The testimony of Amal Ahmad Abdul Fateh, bin Laden's youngest wife, provided an account of life on the lam for the al-Qaida founder and his family in the years between the 2001 attacks and the U.S. raid in May that killed bin Laden at his home in Abbottabad, Pakistan, at age 54, The New York Times reported.
The Times said the Jan. 19 police report paraphrased her recounting and lacked detail about Pakistanis who aided her husband in eluding pursuers. It was first mentioned in the Pakistani newspaper Dawn Thursday and the Times later obtained a copy.

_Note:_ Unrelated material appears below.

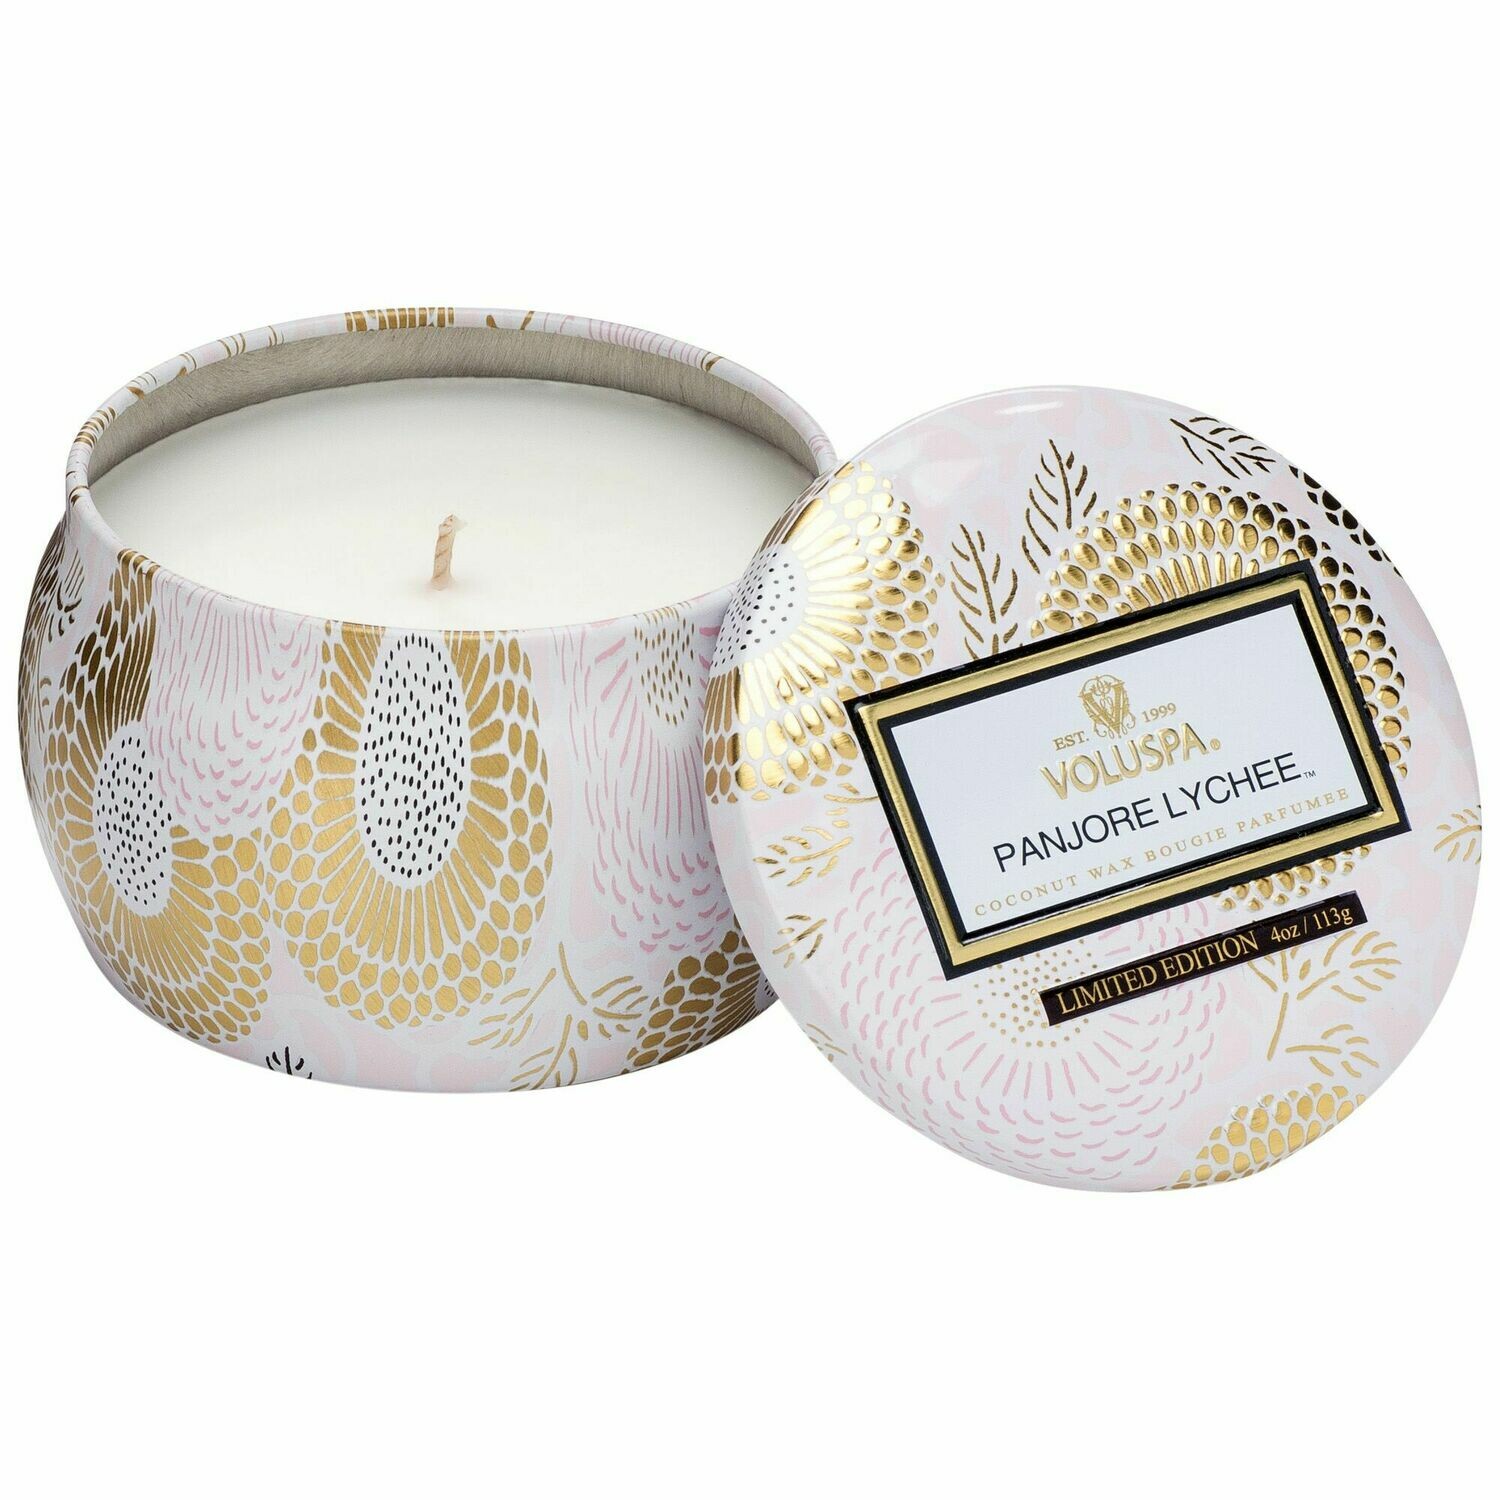 Panjore Lychee Candle - Voluspa Petite Tin Candle
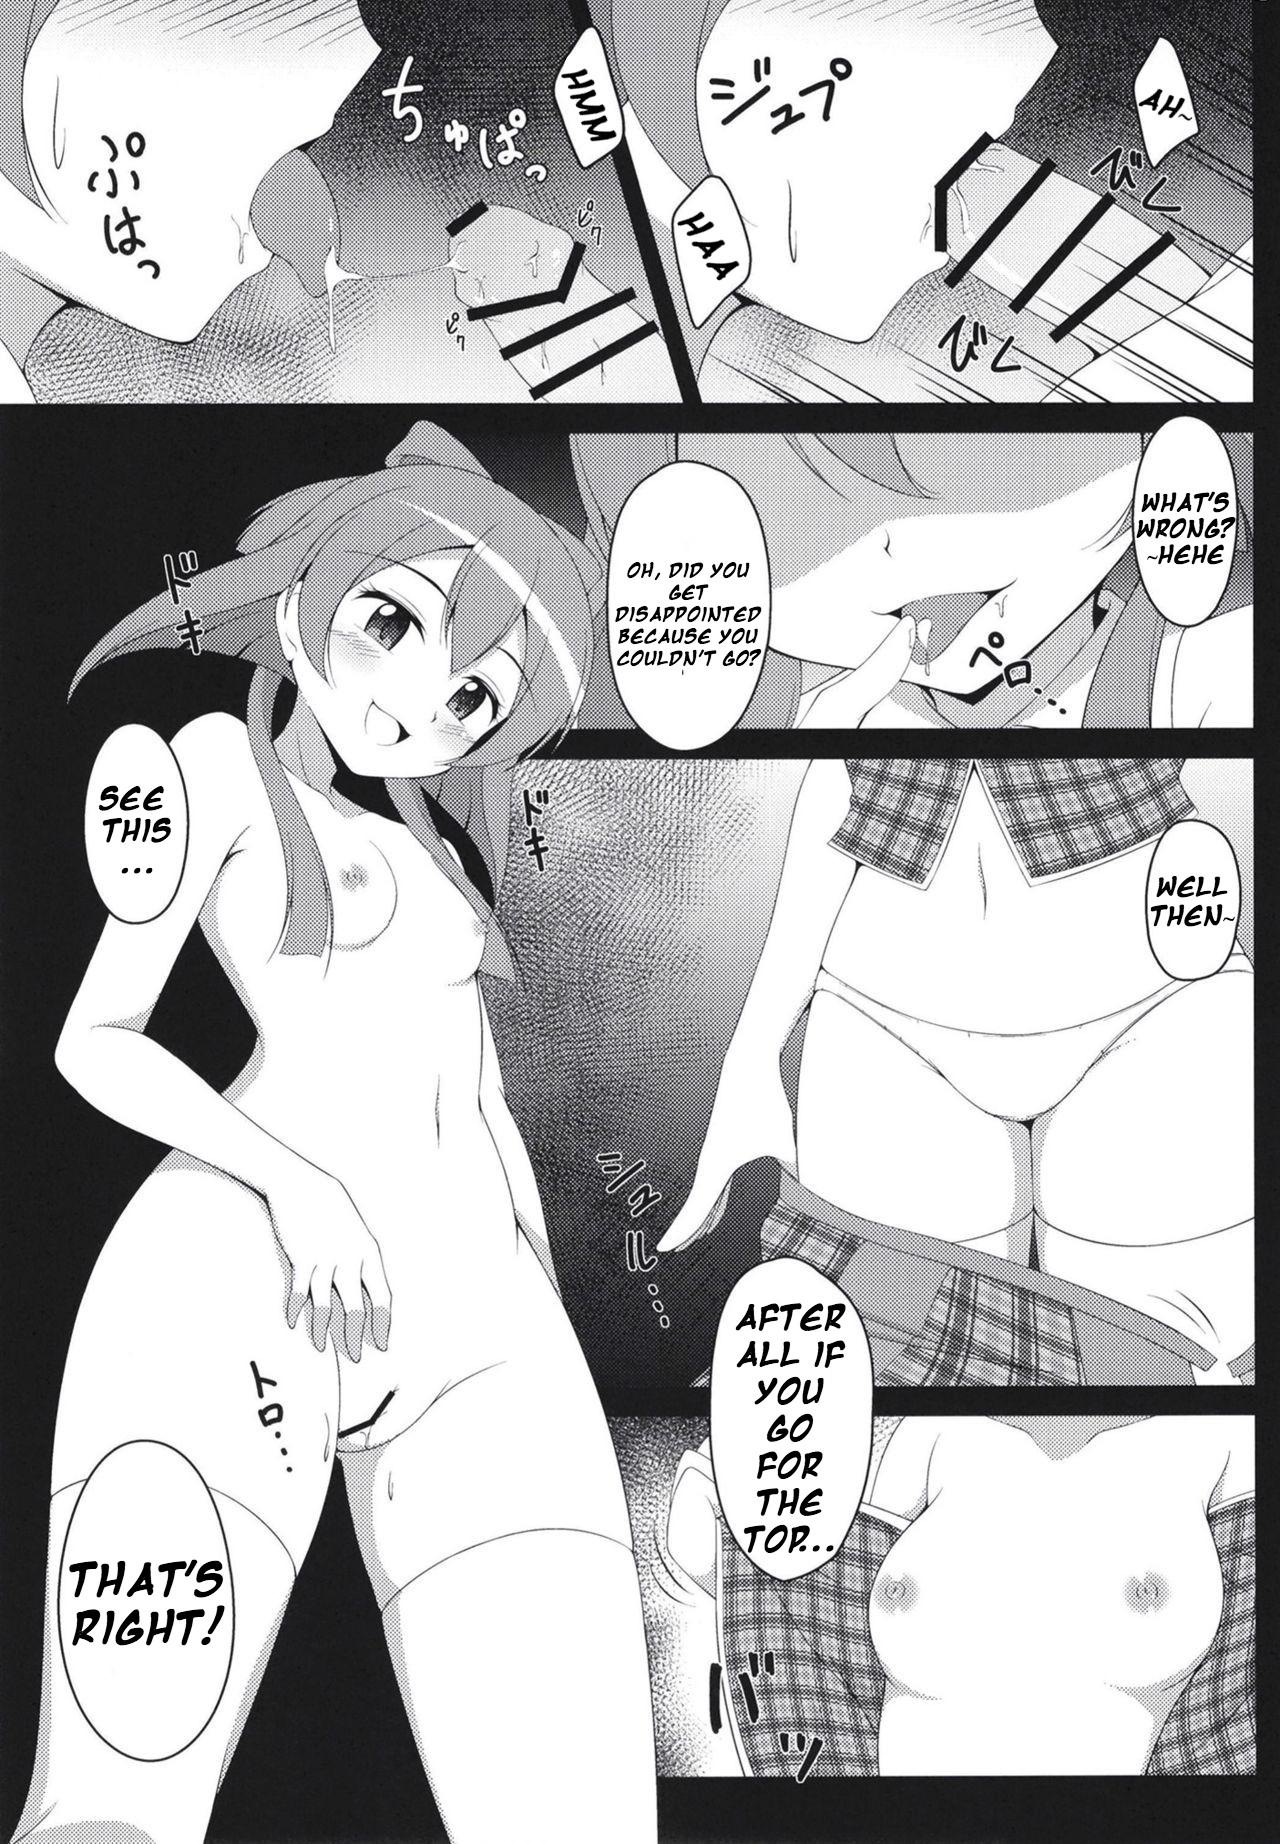 Femboy After-party - Puella magi madoka magica side story magia record Hard Core Sex - Page 8

Authorities are interested in bin Laden's three widows, under house arrest in Islamabad, because they might be able to answer some questions that have frustrated Western intelligence agencies since the 2001 attacks. Investigators say the older wives, identified as Kharia Hussain Sabir and Siham Sharif, have been uncooperative but Fateh, who was wounded in the May raid, has spoken to officials.
The women's lawyer said he expects the wives and two adult children to be indicted Monday on charges of breaking Pakistani immigration laws.
In Washington, U.S. officials told the Times they couldn't confirm all information in the report, but it seemed to be consistent with what is known and believed about bin Laden's movements.
Among other things Fateh told investigators was bin Laden took his family deep into rural mountain areas of northwest Pakistan, but not the tribal region focused on by the West, the Times said. She said they moved among several safe houses and that two of his children were born in public hospitals while the family was in hiding.